Facebook Timeline: Brought to You by the Power of Denormalization

Facebook Timeline is audacious in scope. It wants to compile a complete scrollable version of your life story from photos, locations, videos, status updates, and everything you do. That could be many decades of data (hopefully) that must stored and made quickly available at any point in time. A huge technical challenge, even for Facebook, which we know are experts in handing big data. And they built it all in 6 months.

Facebook's Ryan Mack shares quite a bit of Timeline's own implementation story in his excellent article: Building Timeline: Scaling up to hold your life story.
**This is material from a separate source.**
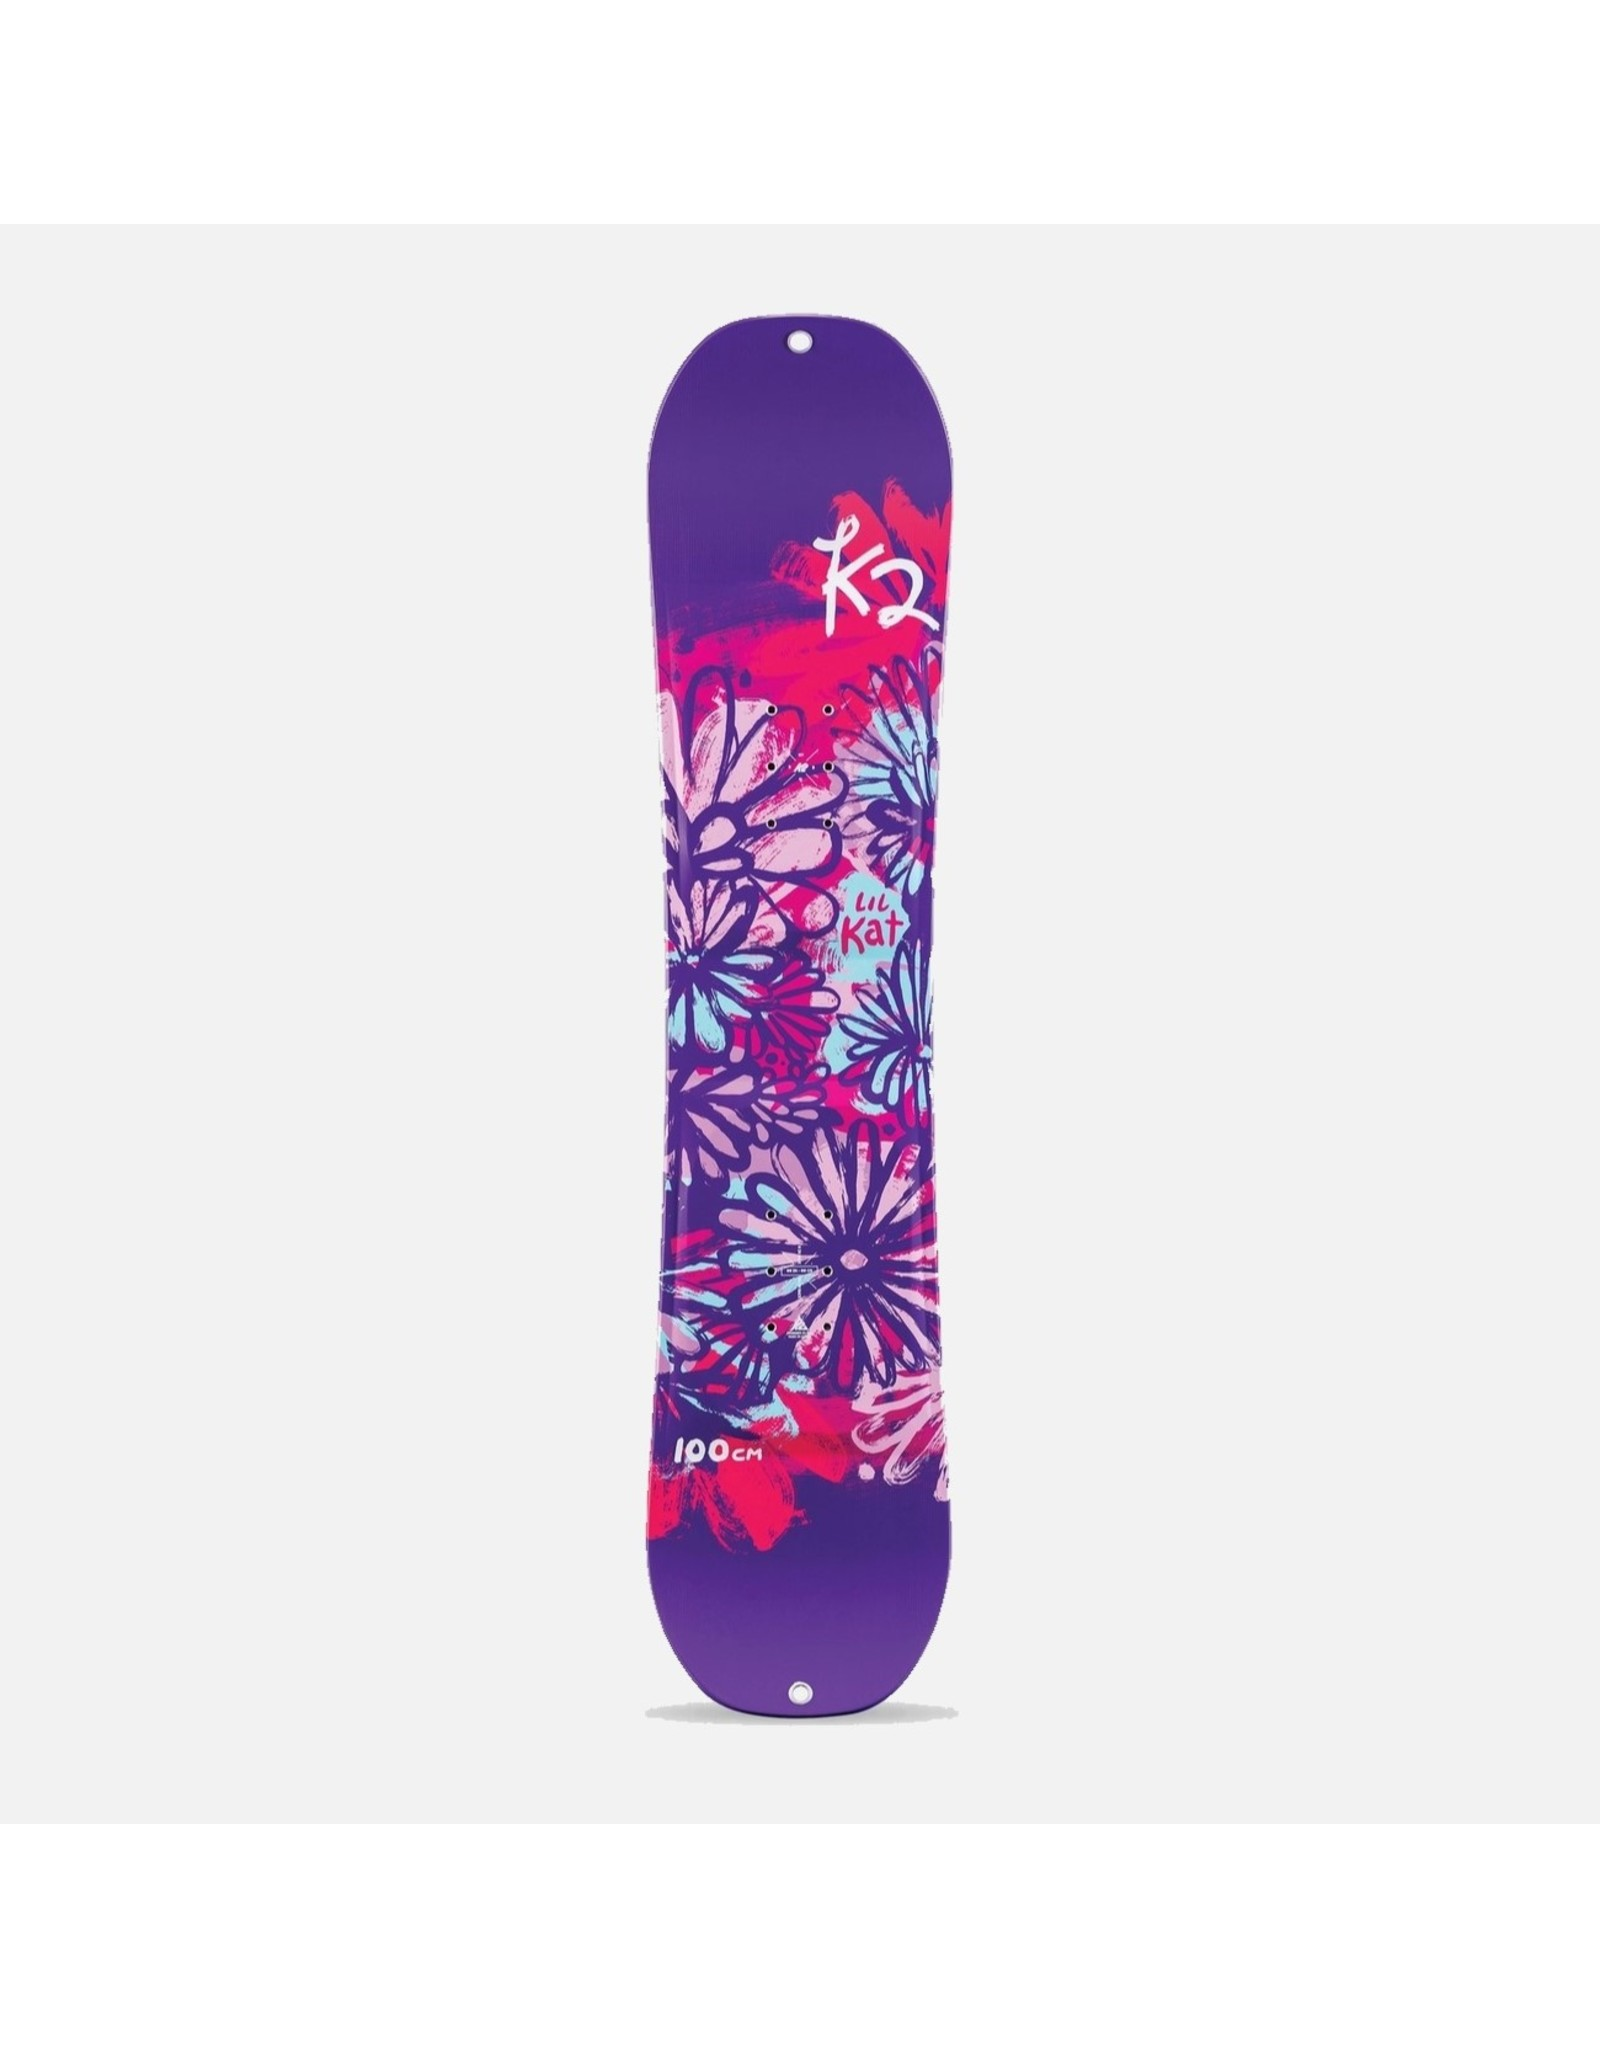 K2 Li'l Kat Snowboard

Five big takeaways from the article are:

  • Leverage infrastructure rather than build something new. You might expect that they would pioneer a new infrastructure for Timeline, but given the short schedule, they decided to go with proven technologies inside Facebook: MySQL, Multifeed (a custom distributed system which takes the tens of thousands of updates from friends and picks the most relevant), Thrift, Memcached, Operations. The last point about the operations infrastructure is a huge win for any team. All that just works. They can concentrate on solving the problem and skip the whole tooling dance, which is why new products can be generated amazingly fast inside a "big company", if the infrastructure is done right.
  • Denormalize. Format data in the way you need to use it
    • Denormalzation, creating special purpose objects instead of distributed rows that must be joined, minimizes random IO by reducing the number of trips to the database. Caching can often get around the need for denormalization, but given the amount of timeline data and how much of it is cold, that is it will rarely be viewed, caching everything isn't a good design.
    • Timeline decides the order to display data by calculating a rank based on metadata. The denormalization process brought all that metadata together in a format that meant ranking could be done in a few IOs and streamed efficiently from the database using a primary key range query
    • Timeline is like a datamart in a data warehouse. Data must be slurped up from dozens of different systems, cleaned, merged, and reformatted into a new canonical format. Facebook of course did this in a Facebook-like way. They created a custom data conversion language, they deployed hundreds of MySQL servers to extract the data out of "legacy" systems as fast as possible, they deployed flash storage to speed up joins, they created a parallelizing query proxy, and they standardized on the Multifeed data format for future flexibility.
  • Keep different types of caches
    • Short term cache.  A timeline of recent activity is frequently invalidated because it is changing all the time as you perform actions through your life. This cache is an in RAM row cache inside InnoDB that uses the Flashcache kernel driver to expand the OS cache onto a flash device.
    • Long term cache. A query cache is kept in memcached. The results of large queries, like the ranking of all your activities in 2010, can be efficiently cached since they will rarely be invalidated.
  • Run operations locally. The Timeline Aggregator (geographically clustering nearby check-ins, ranking status updates, etc) runs on each database so it can max out the disks. Only data that needs to be displayed is sent over the network.
  • Parallelize development. The short 6 month development time was partly a product of the quality infrastructure, but of also running significant development activities in parallel. The development team was split into design, front-end engineering, infrastructure engineering, and data migrations. In parallel they built: UI prototypes on a test backend, production UI on a simulated backend, the scalable backend, the denormalization framework, the data warehouse, and simulated load testing.